Cardiac arrhythmias are ameliorated by local inhibition of angiotensin formation and bradykinin degradation with the converting-enzyme inhibitor ramipril.

We investigated the influence of the angiotensin-converting enzyme (ACE) inhibitor ramipril on cardiac arrhythmias in guinea pigs and rats. Ramiprilat, the active moiety of ramipril, did not influence action potentials of isolated guinea-pig papillary muscle or rabbit sinus node, thereby excluding cellular electrophysiological evidence of anti-arrhythmic properties. Ramipril protected against cardiac arrhythmias induced by digoxin infusion in guinea pigs. This effect was comparable with that of lidocaine. In isolated perfused ischemic working rat hearts, angiotensin (ANG) I (3 x 10(-9) M/l) and ANG II (1 x 10(-9) M/l) aggravated reperfusion arrhythmias, accompanied by deterioration of cardiodynamic and metabolic events. Bradykinin (BK) (1 x 10(-10)-1 x 10(-8) M/l), in contrast, protected against reperfusion arrhythmias, which corresponded to an increase in energy-rich phosphates and glycogen stores and a decrease in lactate levels in myocardial tissue. Identical changes were seen in hearts from rats pretreated with ramipril (1 mg/kg PO) or perfused with ramiprilat (2.58 x 10(-7)-2.58 x 10(-5) M/l). Local ACE inhibition in these ischemic hearts antagonized ANG I but not ANG II effects and enhanced BK effects. The BK antagonist D-Arg-(Hyp2, Thi5,8, D-Phe7)BK abolished the beneficial effects of BK, ramipril, and ramiprilat. Increased concentrations of BK or ramiprilat were able to reverse the antagonism. The antiarrhythmic agent nicainoprol, a fast-sodium-channel blocking drug (class Ib), also protected isolated rat hearts against reperfusion arrhythmias, but was without beneficial effects on cardiac hemodynamics and biochemical parameters, in contrast to the ACE inhibitor.
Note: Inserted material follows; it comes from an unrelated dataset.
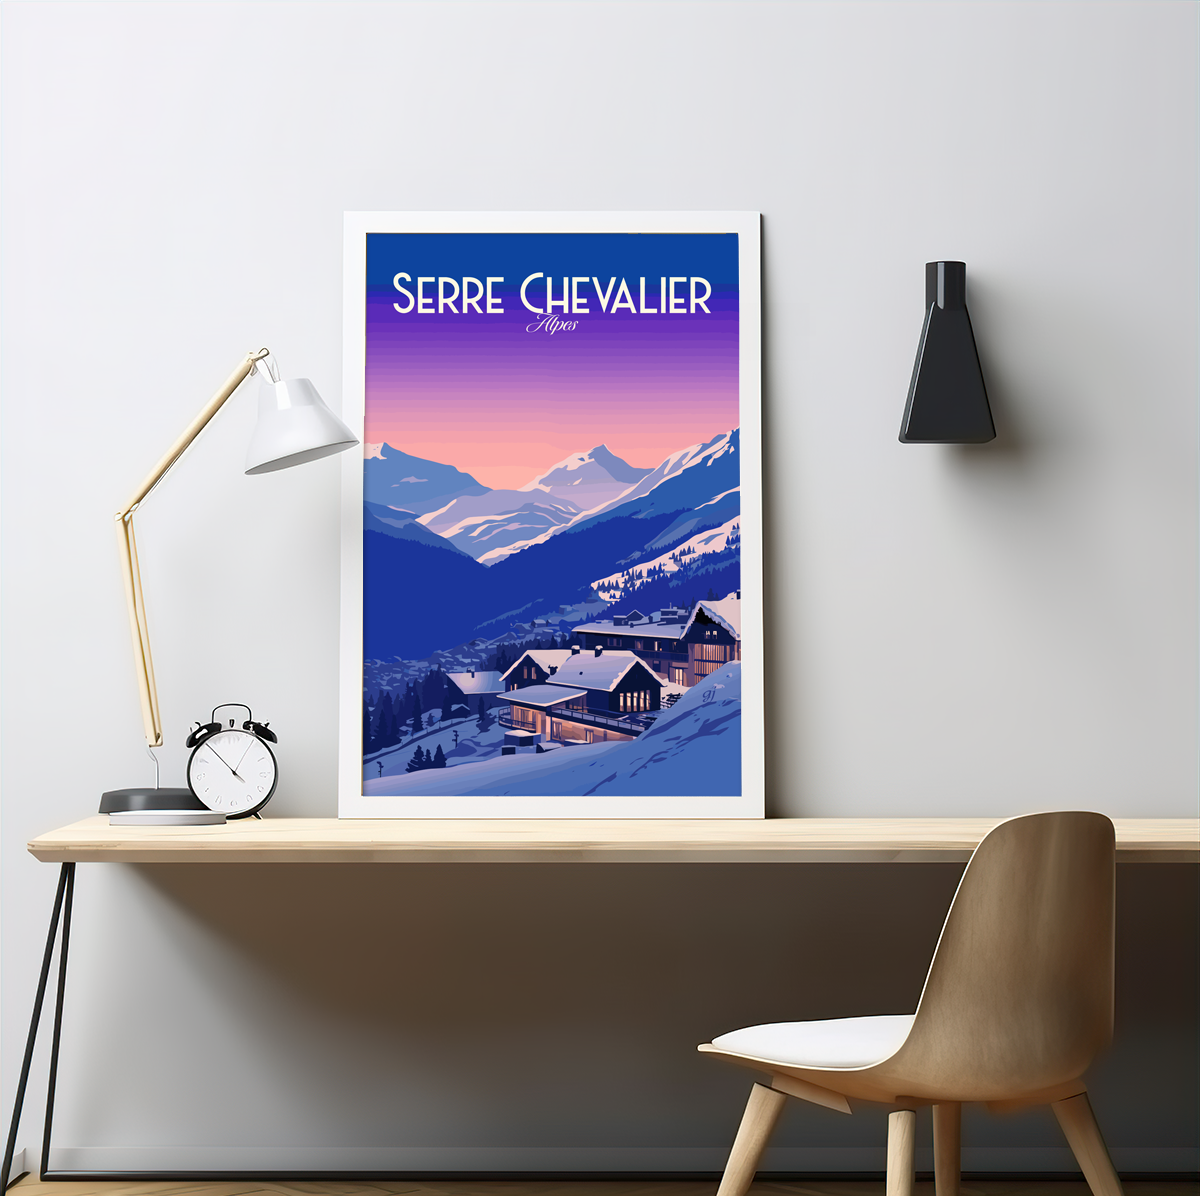 Serre Chevalier poster by bon voyage design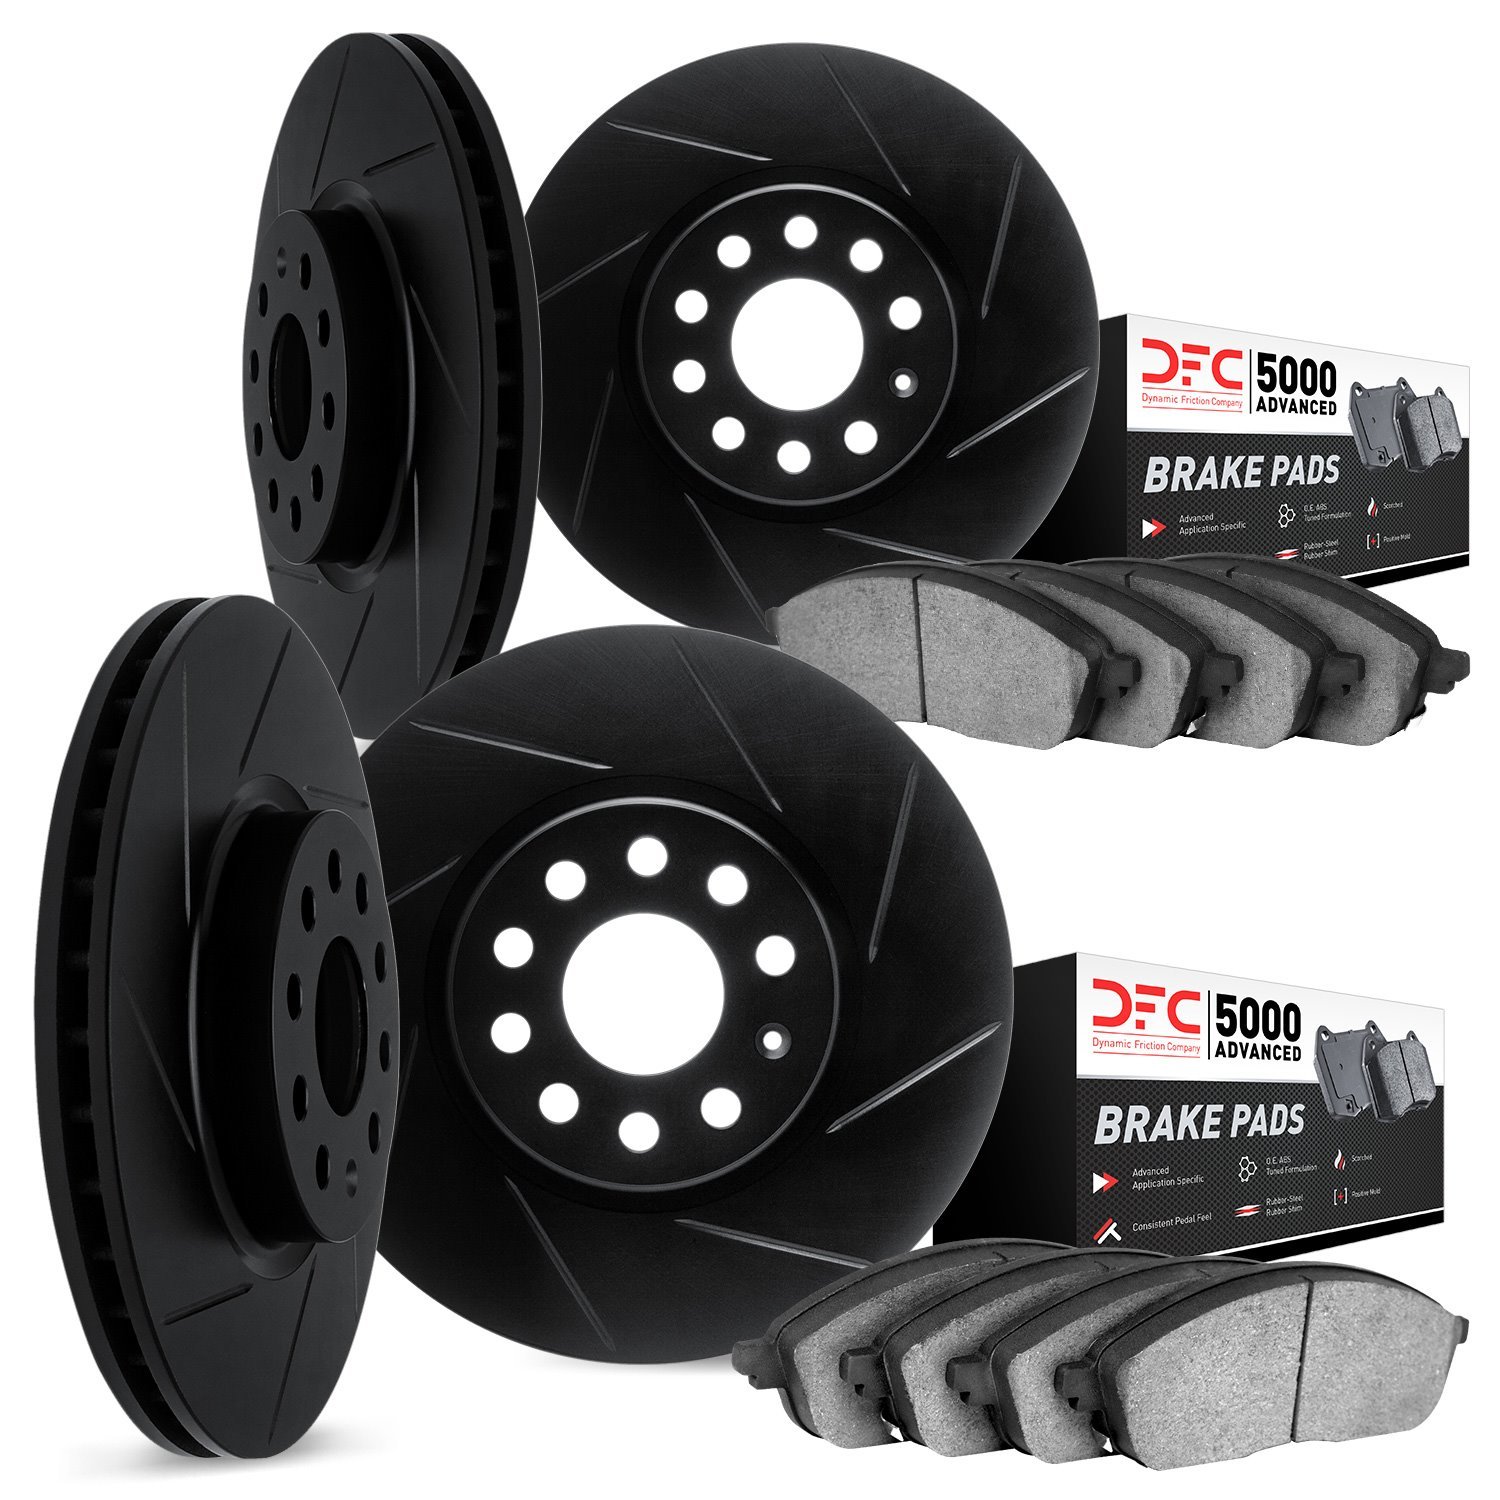 3514-67064 Slotted Brake Rotors w/5000 Advanced Brake Pads Kit & Hardware [Black], 2008-2013 Infiniti/Nissan, Position: Front an

These results suggest that the beneficial effects of the ACE inhibitor ramipril on digoxin and reperfusion arrhythmias are not mediated by their direct actions on ionic channels in the cell membrane. It seems that other factors are responsible for its beneficial effects on reperfusion arrhythmias, cardiac function, and metabolism, which are associated with a reduction in ANG II generation and BK degradation by local ACE inhibition in the heart.